It’s great when a reviewer correctly identifies what you were trying to do in a book. Here’s the opening of the review by Jean Williams of You Can Change in September 2009’s edition of The Briefing.
Picking up Tim Chester’s You Can Change, you’d be forgiven for mistaking it for a self-help book. It has all the trappings – a title promising transformation, testimonies of change, an invitation to choose a personal “change project”, ten chapters with titles like “What would you like to change?” and questions for self-reflection. You Can Change is designed to communicate to a society obsessed with personal change, but it turns the self-help genre on its head.
That’s exactly what I was trying to do: write an anti-self-help book in the style of a self-help book.
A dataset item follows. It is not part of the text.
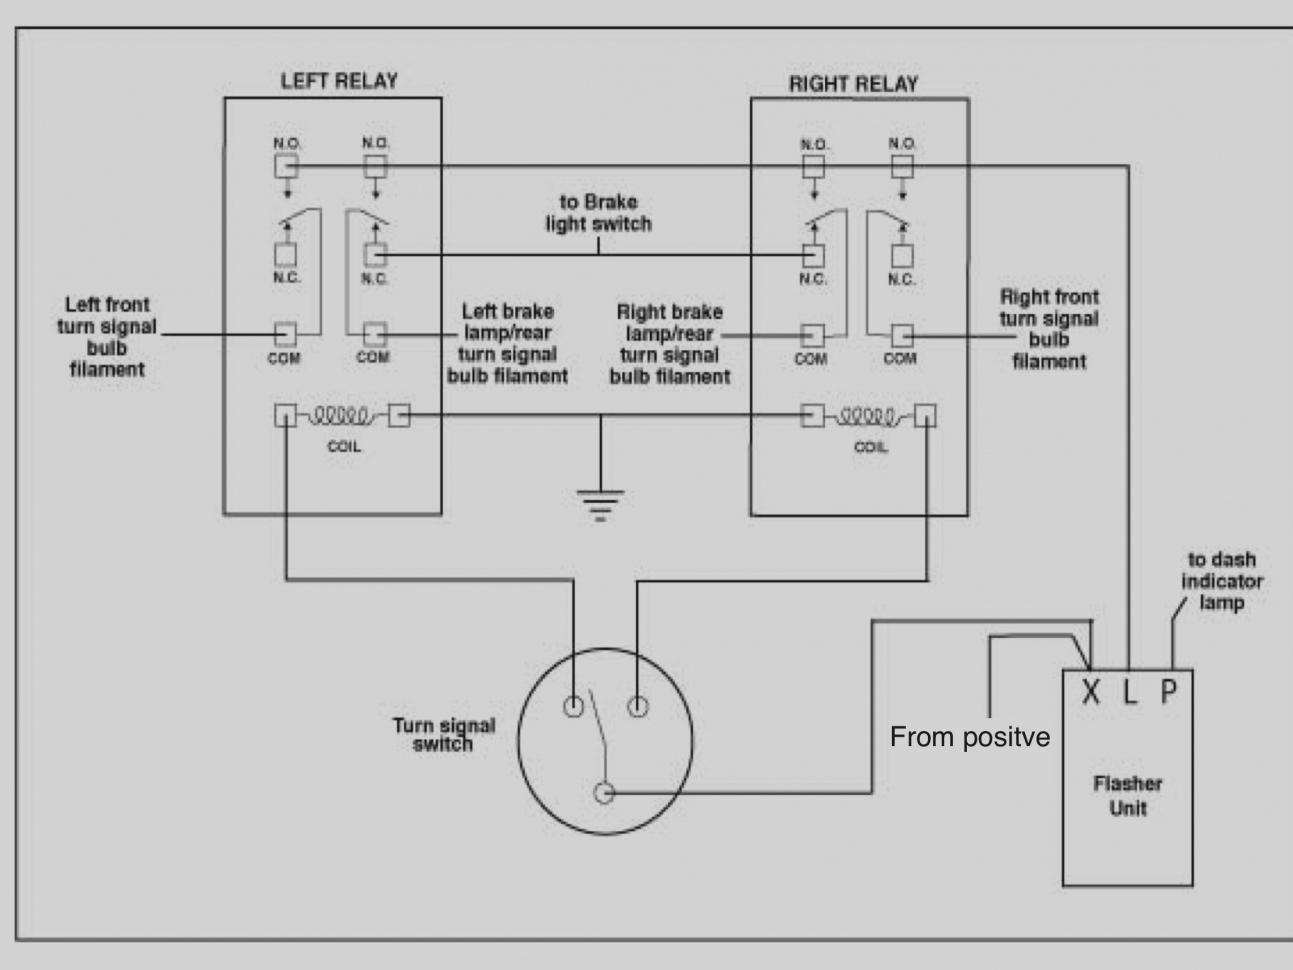 rzr blinker wiring diagram diagram data schemapolaris rzr turn signal wiring diagram data wiring diagram rzr blinker wiring diagram polaris rzr wiring

The next paragraph summarises the m,essage of the book better than I can!
It quickly becomes apparent that the only change Tim Chester is interested in is transformation into the likeness of Christ. The power for change is not inner strength or willpower, but the grace of God through the death of his Son, applied by his Spirit. The method for change is not rules and programs, but faith and repentance. The context for change is not the counsellor’s office of a solitary retreat, but the community of God’s people speaking the truth in love. The goal of change is not to find yourself, but to forget yourself in love and service. The message is not so much that you can change as that God can change you.
You Can Change
is available in the UK from IVP and is being published Crossway in the US in March 2010.
Robert L. Hubbard Jr., Joshua, NIV Application Commentary, Zondervan, 2009.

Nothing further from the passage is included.